For the second day in a row, I woke up with the tremors of anxiety in my body.
The uncertainty of vocation loomed before me. As much as I tried to reassure myself that I have the skills to stay in my current career as well as the aptitude to forge a new one, I didn’t find immediate peace.
In desperation, I prayed for God to remove the anxiety. I started packing my room to take my mind off the recurring thoughts. I searched for articles on finding confidence.
Then I stumbled upon one which called out 2 Corinthians 12:9a
My grace is sufficient for you, for my power is made perfect in weakness
I asked myself, do you remember when you had felt weak?
“Yes, I do.” Then my tears couldn’t stop flowing.
There was an episode many years back where, after a mistake at work, I had lost confidence in performing my job. I couldn’t bring myself to turn on the laptop in the morning; the ringing of the office phone would trigger uncertainty; every drafted email was read and re-read before I hit ‘send’. After an agonising sleepless night, I turned in my resignation letter to my boss to take responsibility for my error. In his kindness, he rejected it and explained that the mistake, while silly, wasn’t as serious as it seemed.
In those moments of weakness, His Presence was most real. At the end of each day, I thanked Him for the strength and grace granted each day; I grasped His promises and His word comforted me; when I shared vulnerably with my church mates on my struggles, they prayed with me. In my weakness, He revealed His Power as the God of my today and tomorrow.
I had told myself: as much as I treasure this experience with God, where He drew me so close to Him, I don’t want to be weak again.
I don’t want to contend again with the sense of a lack of control.
I don’t want to live with this unnerving uncertainty.
But here I am again.
As I recall this period in my life, I shed tears of gratefulness. I’ve no doubt that God will sustain me and carry me through this new testing.

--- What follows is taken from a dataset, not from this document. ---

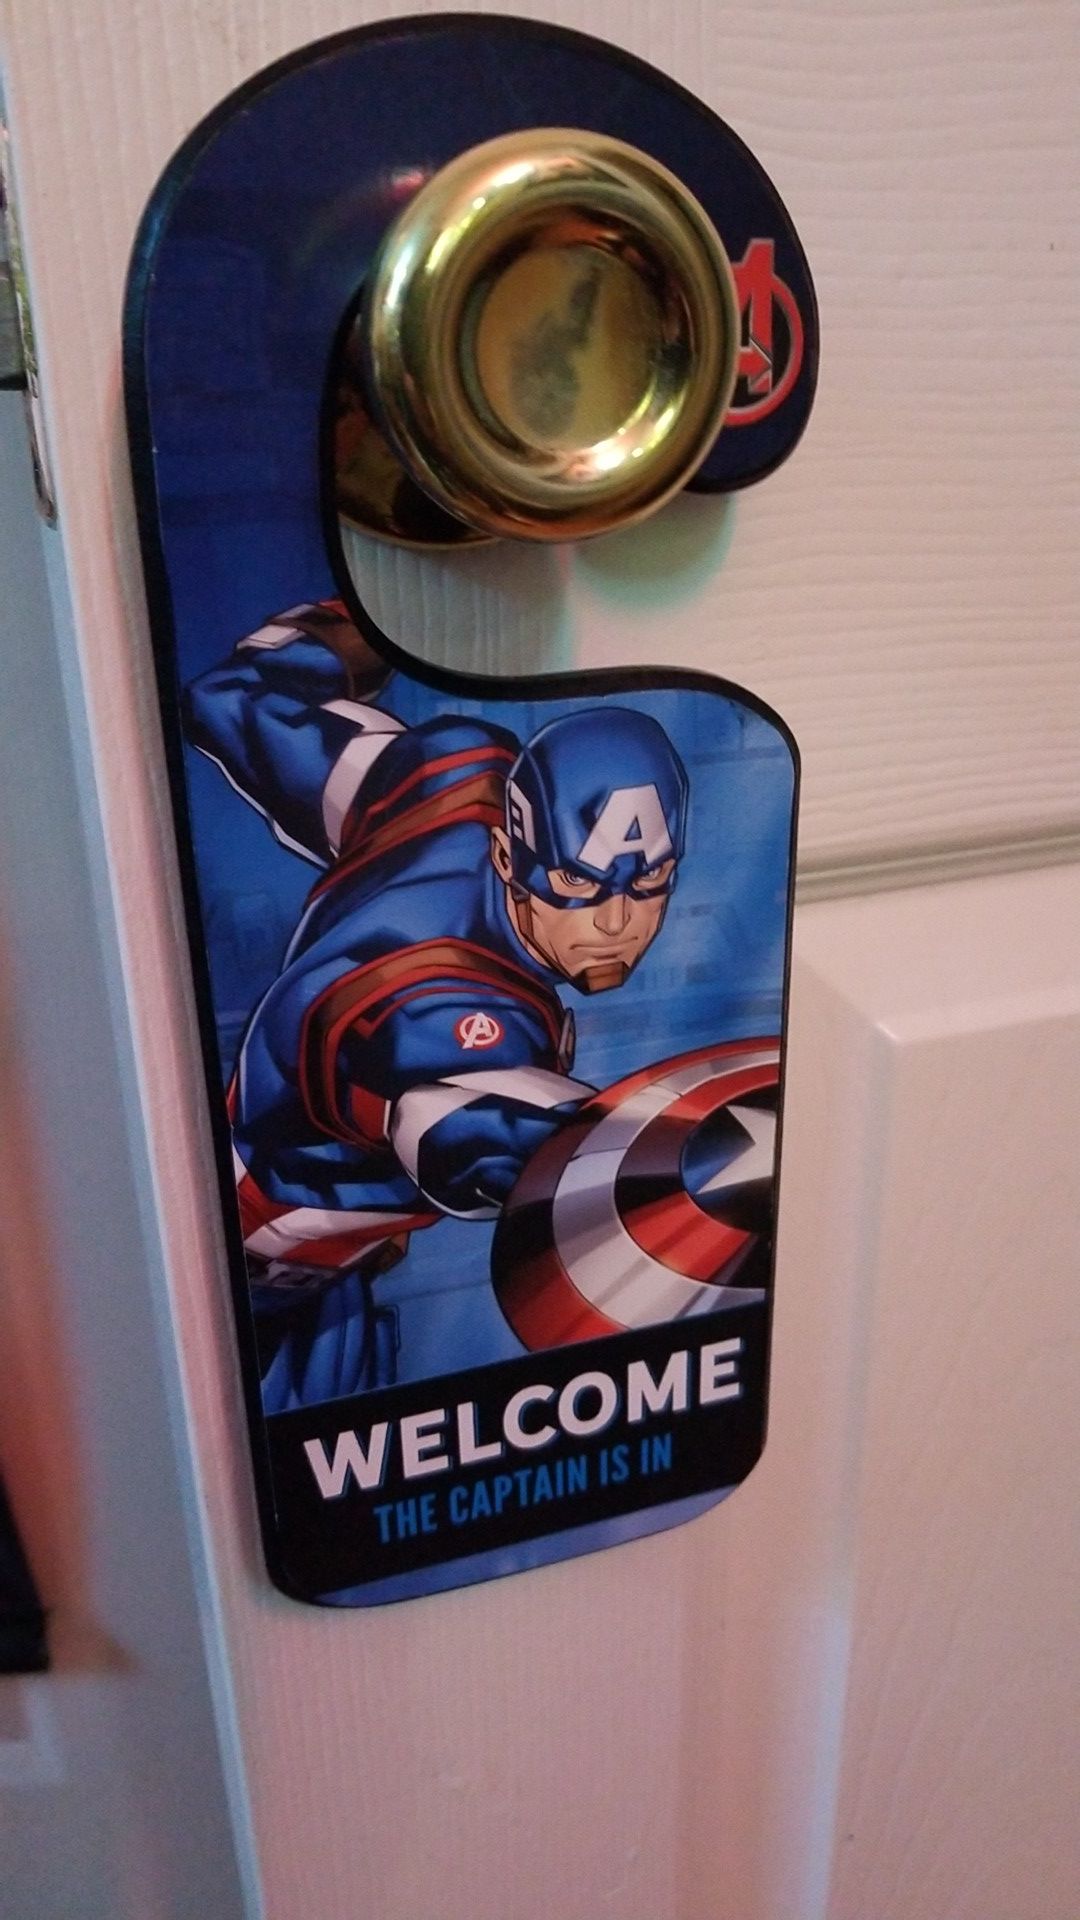 Marvel avengers captain America & iron man doorhanger

Therefore I will boast all the more gladly about my weaknesses, so that Christ’s power may rest on me. That is why, for Christ’s sake, I delight in weaknesses, in insults, in hardships,in persecutions, in difficulties. For when I am weak, then I am strong.
2 Corinthians 12:9b-10
Here I am, boasting in my weakness, so that Christ’s power may rest on me. I can’t say now that I delight in my weakness but I know that He promises His grace, power and strength.